La petizione dei due legali in nome di 142 italiani danneggiati dal talidomide ancora prima di venire al mondo vuole convincere il Parlamento europeo a sollecitare la Germania riguardo i propri doveri nei confronti di tutte le vittime del principio attivo. Non soltanto di quelle tedesche, quindi, per le quali “esistono due fondazioni, istituite dallo Stato tedesco e dalla Grünenthal, ma il cui accesso ai fondi risarcitori è molto difficoltoso per gli stessi cittadini tedeschi, figuriamoci per gli altri europei”, con requisiti di accesso molto stretti, tanto che i legali non hanno notizia di italiani risarciti da Berlino.
La petizione vuole spronare al richiamo a quegli stessi doveri di cui l’Europarlamento aveva chiesto conto già nel 2016, ma che non sono stati completamente assolti. “Prima di rivolgerci all’Europa avevo fatto tentativi scrivendo direttamente alla Germania e alla ditta responsabile – chiarisce Calandrino -. Ho ricevuto risposte formalmente cortesi ma che non volevano aprire la strada al dialogo.
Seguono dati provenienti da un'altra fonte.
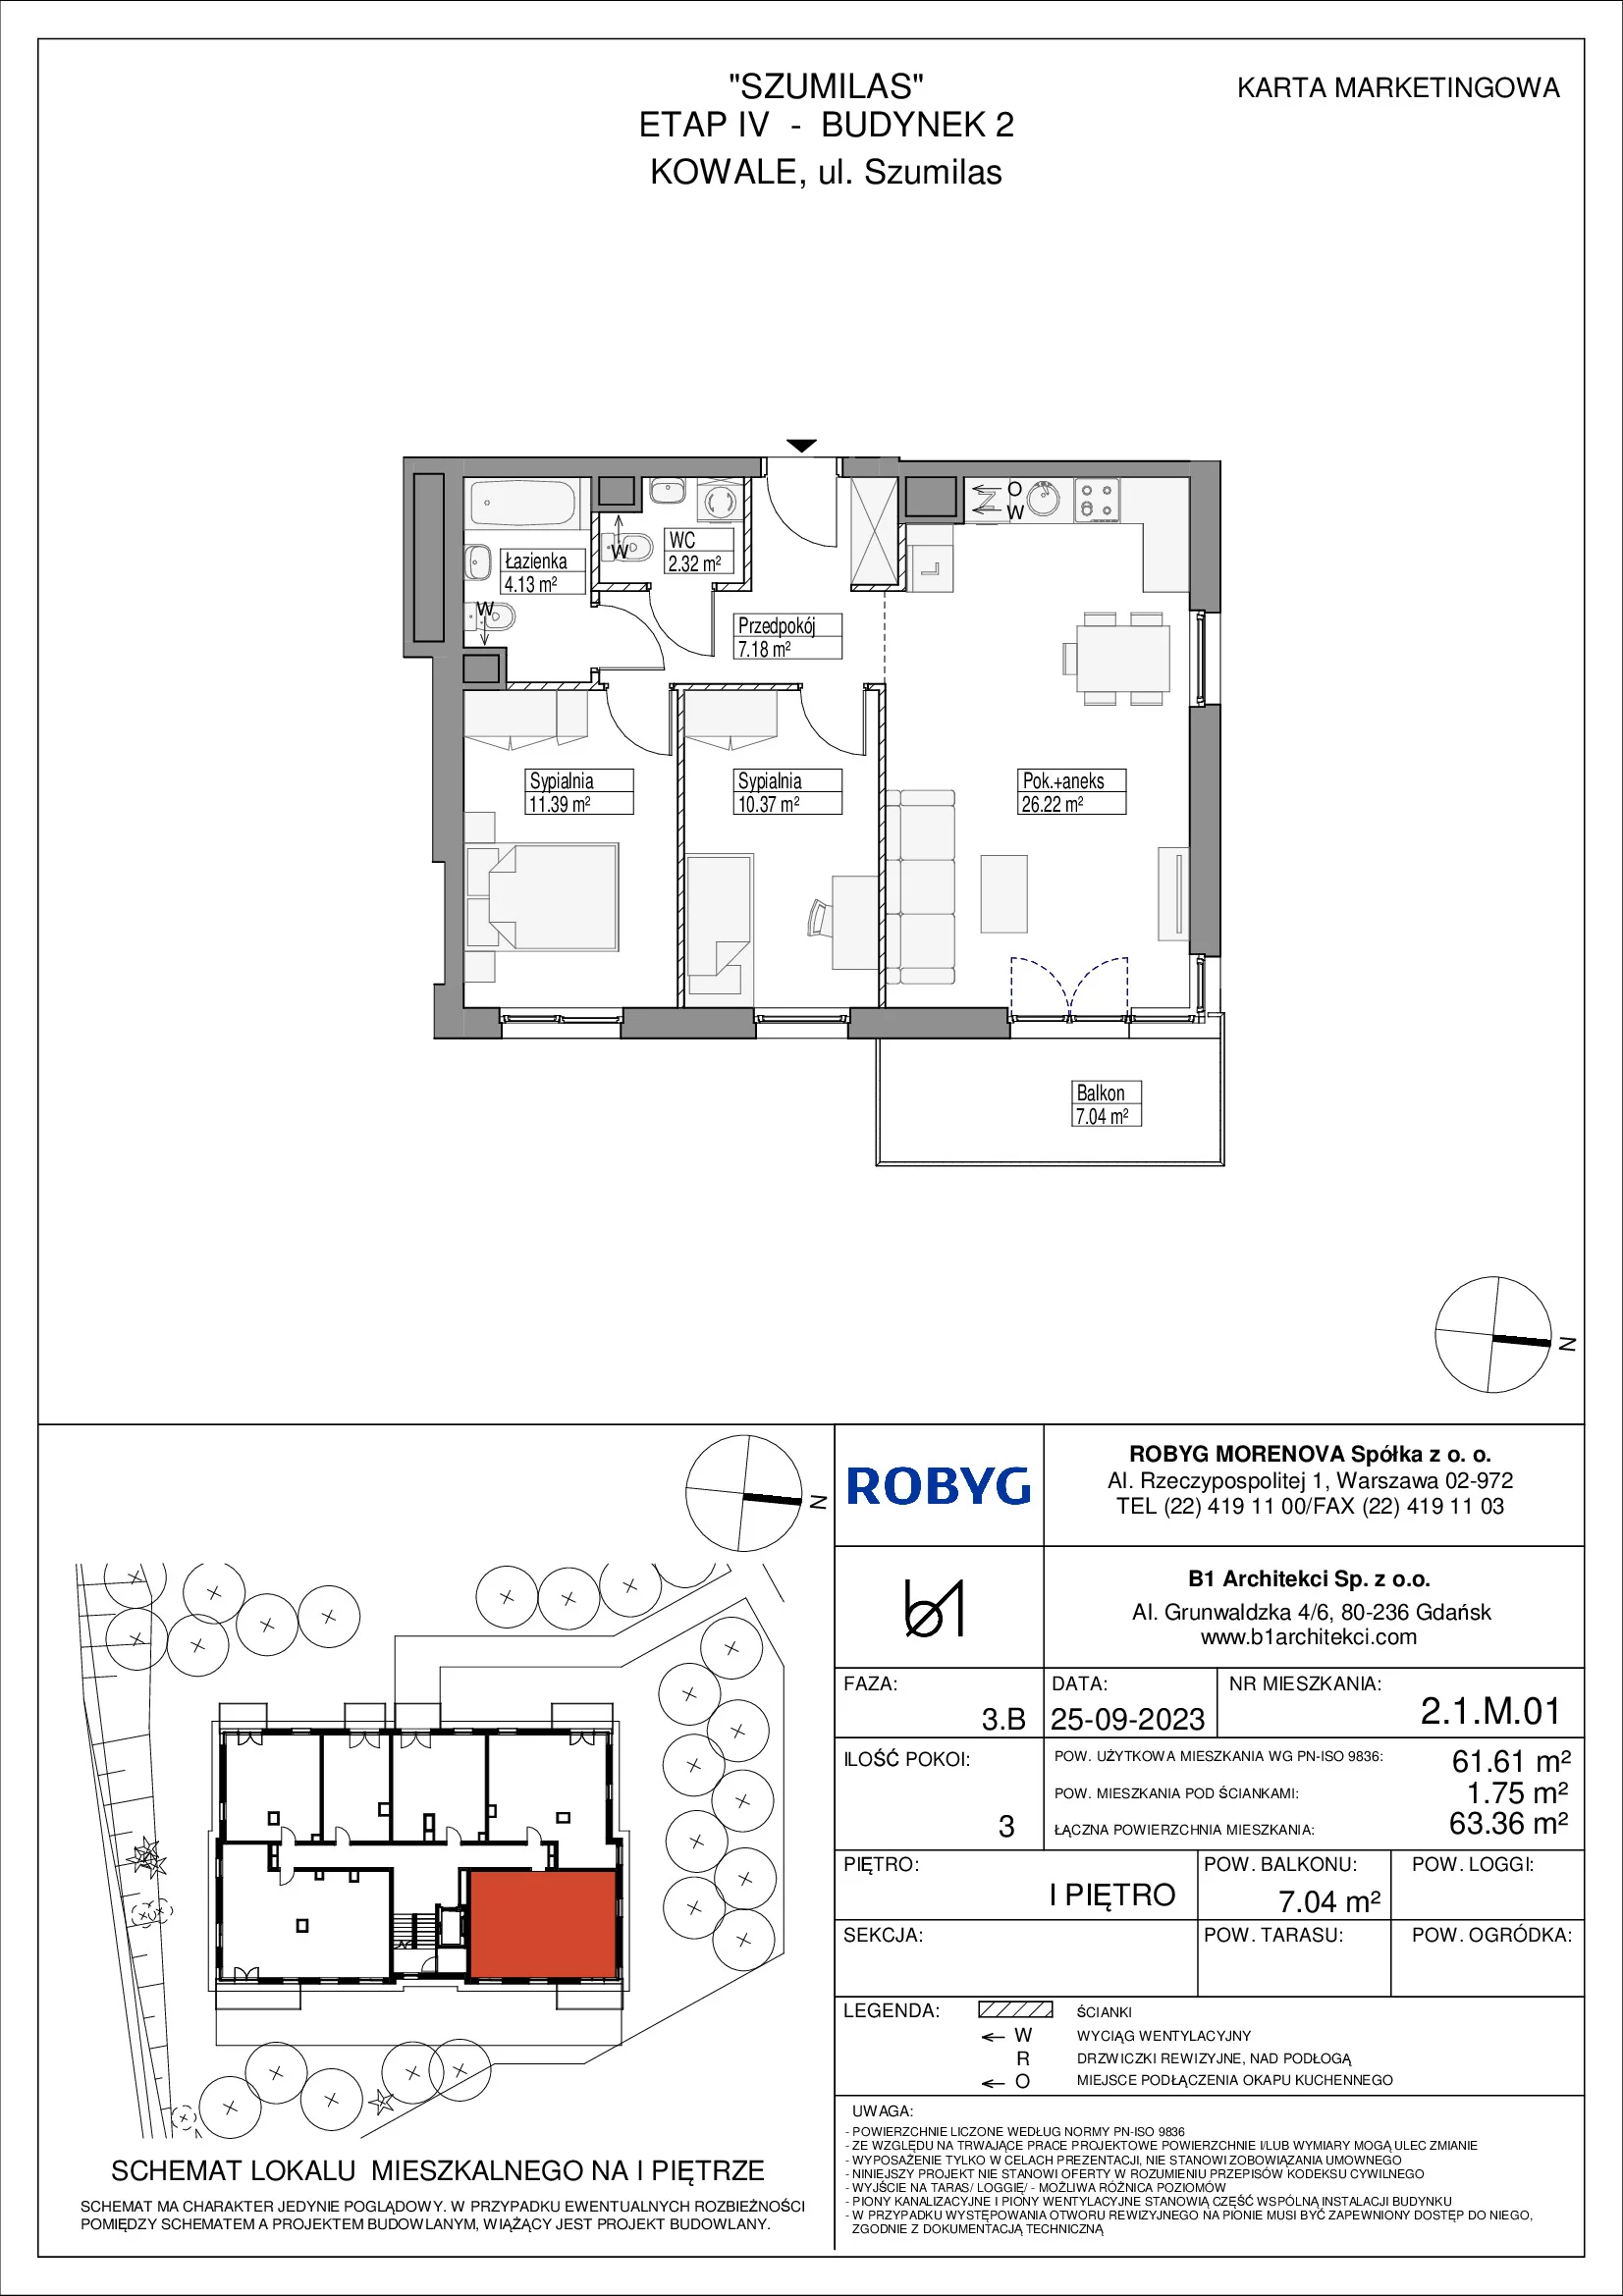 Mieszkanie 61,61 m², piętro 1, oferta nr 2.1M01, Szumilas, Kowale, ul. Magazynowa

La Grünenthal alcuni anni fa ha inaugurato una statua dedicata ai bambini focomelici per chiedere scusa delle conseguenze dell’immissione sul mercato del talidomide, ma alla mia richiesta di fare qualcosa di concreto per le vittime, mi ha risposto che le loro erano scuse morali e non giuridiche”.
Con il testo inviato all’Europarlamento i due legali bolognesi chiedono alla Commissione per le petizioni di presentare una proposta di risoluzione che preveda per ciascuno dei 142 danneggiati da talidomide italiani rappresentati dai legali – di cui “la stragrande maggioranza è già stato riconosciuto talidomidico dallo Stato italiano” – il riconoscimento da parte della Repubblica federale di Germania di un congruo sostegno finanziario, “che possa risarcire quanto dagli stessi ingiustamente subito sin dalla nascita e che serva a migliorare la loro qualità di vita”.
E che la Germania “imponga alla società Grünenthal di assumersi le sue responsabilità offrendo un risarcimento e un’assistenza adeguati alle vittime, instaurando un dialogo con le vittime stesse per rimediare ai danni causati”. La Commissione per le petizioni dell’Europarlamento si riunisce una volta al mese ed è dunque ragionevole attendersi una risposta sulla ricevibilità della domanda nel giro di pochi mesi. “Ma qualora non giungano risposte – avverte Calandrino – noi ci stiamo preparando a fare istanza alla Corte dei diritti dell’uomo di Strasburgo”.